D. discoideum cells naturally encounter oxidative stress during unicellular growth, multicellular development and terminal spore cell differentiation and dormancy. Understanding the mechanisms underlying their high resistance to oxidative stress remains a key question. It thus represents an ideal system to explore the extent to which protein CoAlation, and its role in oxidative stress responses is conserved in eukaryotes. Here we demonstrate that genes involved in CoA biosynthesis are differentially expressed during growth and morphogenesis, and this pattern correlates with the level of CoA and protein CoAlation. We also found that exposure of D. discoideum to oxidative stress resulted in an increase of protein CoAlation. However, much higher concentrations of oxidising agents were required to induce protein CoAlation in D. discoideum, when compared to mammalian cells and bacteria [9,10]. Increased resistance to oxidative stress has been attributed to a very high level of catalase activity. Indeed, we found that H2O2-induced protein CoAlation is significantly increased in CatA-deficient D. discoideum cells. Taken together, these findings indicate that changes in the level of CoA and protein CoAlation are associated with redox regulation when D. discoideum cells are exposed to oxidative and metabolic stress.

2. Materials and methods

2.1. CoA antibodies

Anti-CoA monoclonal antibodies were previously reported [17]. The following antibodies and dilutions were used in Western blotting: anti-CoA, 1F10 (1:6000 dilution); anti-GSH (rabbit polyclonal, 1:2000 dilution, Abcam); and secondary goat anti-mouse immunoglobulin (IgG) conjugated to AlexaFluor680 (1:10000 dilution, Life Technologies) supplemented with 0.02% sodium dodecyl sulphate (SDS).

2.2. Cell culture

D. discoideum cells were cultured in suspension in axenic HL5 medium (ForMedium) supplemented with vitamin B12 (0.6 μg/ml) and folate (0.2 μg/ml) at 22 °C. Cells of the Ax3 strain were used in experiments involving treatment with oxidising agents. Morphogenesis studies were performed using Ax4 cells. HEK293 cells and HEK293 cells stably overexpressing Pank1β (HEK293/Pank1β) were maintained in DMEM (Lonza) supplemented with 50 U/ml penicillin, 0.25 μg/ml streptomycin (Lonza) and 10% foetal bovine serum (FBS, Hyclone) in 5% CO2 and 37 °C.

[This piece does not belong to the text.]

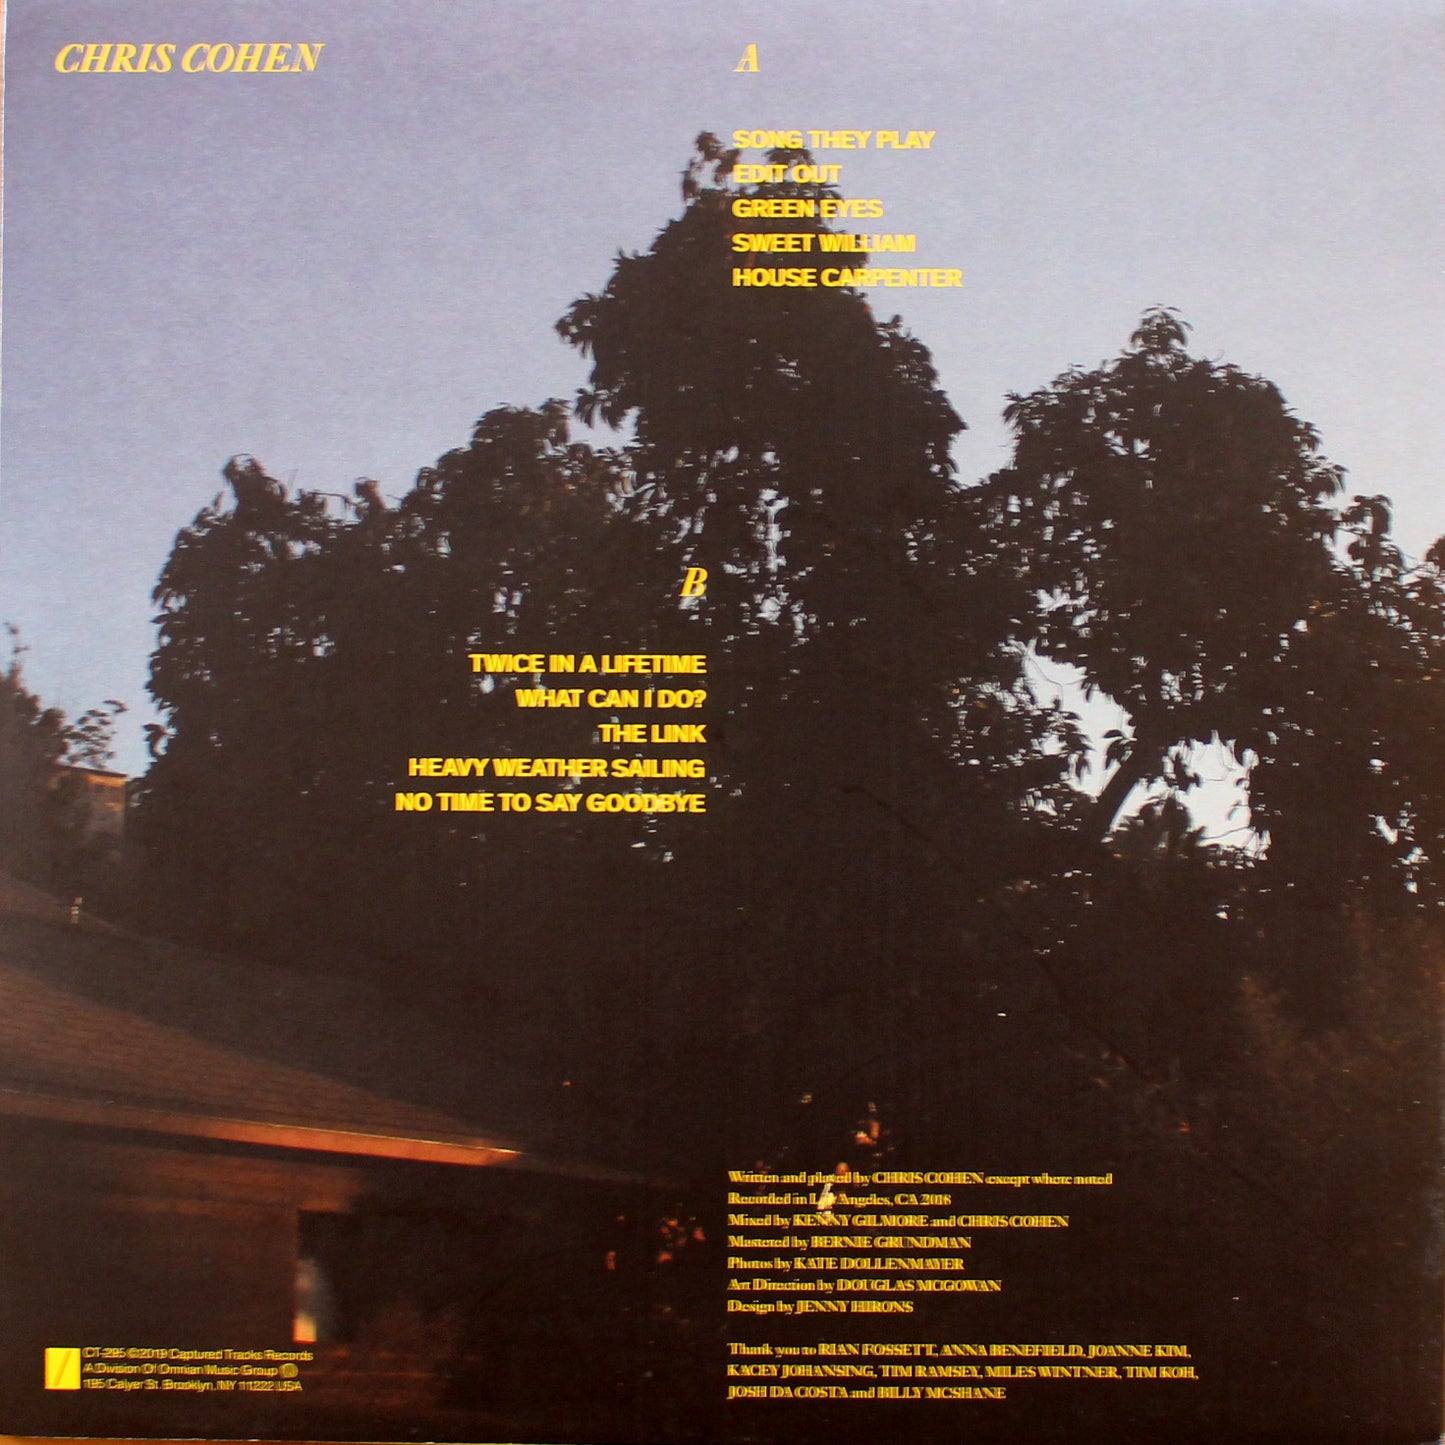 Chris Cohen - Chris Cohen

2.3. Oxidative stress induction

Cells in mid-log phase were collected by centrifugation for 4 min at 2200 rpm and washed three times to remove folate, which can act as antioxidant and neutralise oxidising agents [18]. Cells were re-suspended at a cell density of 2.5 × 106 cells/ml in vitamin-free HL5 media and shaken at 180 rpm at 22 °C for 60 min. This was followed by treatment for 30 min with diamide, H2O2 or t-butylhydroperoxide (TBH). Cells were collected via centrifugation at 3500 rpm and 4 °C and frozen on dry ice.

2.4. Cell development

Log phase D. discoideum cells were collected by centrifugation and washed with KK2 potassium phosphate buffer (20 mM K2HPO4, KH2PO4, pH6.8) before re-suspending at a density of 1 × 108 cells/ml in KK2. 3 × 107 cells were evenly spread over the surface of a freshly prepared 10 cm agar plate (20 ml of 1.5% agar in KK2) to induce starvation and initiate differentiation. Plates were incubated in a humid box at 22 °C in the dark before harvesting by centrifugation. Cells were instantly frozen in dry ice.

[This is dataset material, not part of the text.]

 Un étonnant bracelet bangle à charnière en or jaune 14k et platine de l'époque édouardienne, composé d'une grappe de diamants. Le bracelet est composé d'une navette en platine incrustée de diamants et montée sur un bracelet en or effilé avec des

2.5. Cell lysis and Western blot analysis

Cell pellets were re-suspended in ice-cold lysis buffer (containing 50 mM Tris-HCl pH 7.5, 150 mM NaCl, 5 mM tetra-sodium pyrophosphate, 50 mM sodium fluoride, 5 mM ethylenediaminetetraacetic acid (EDTA), and 1% Triton X-100) supplemented with freshly prepared 100 mM N-ethylmaleimide (NEM) and 2 x Protease Inhibitor Cocktail (PIC, Roche). To lyse spores, 0.1 mm diameter silica-zirconia beads (Biospec Products) and 2 mm Tungsten Carbide beads (Qiagen) were added and placed in a Tissue Lyser II (Qiagen) set at 30 Hz for 2 min. Total cell lysates were centrifuged for 20 min at 14000 rpm and 4 °C to remove the insoluble fraction. Protein concentration of the supernatant was measured by Bicinchoninic acid (BCA) Protein Assay Kit (Pierce ThermoFisher Scientific). Samples of cell lysates (∼40 μg of protein) were separated by SDS-PAGE on 10% TruPAGE Precast Gels and immunoblotted with anti-CoA mAb as previously described [9].

2.6. Analysis of CoA levels

2.6.1. Extraction of CoA and the recycling assay

The method to extract CoA from Bacillus megaterium was used in this study [19]. CoA extracts were re-suspended in 1 mM DTT and centrifuged for 5 min at 14 000 rpm and 20 °C. CoA level was measured by a modification of the recycling assay developed by Allred and Guy [20,21]. Sets of CoA standards (0.03 μM, 0.1 μM, 0.3 μM, 1 μM, 3 μM, 9 μM) were freshly prepared by serial dilutions of a standard stock solution in 10 mM potassium phosphate buffer (pH 7) and 1 mM DTT.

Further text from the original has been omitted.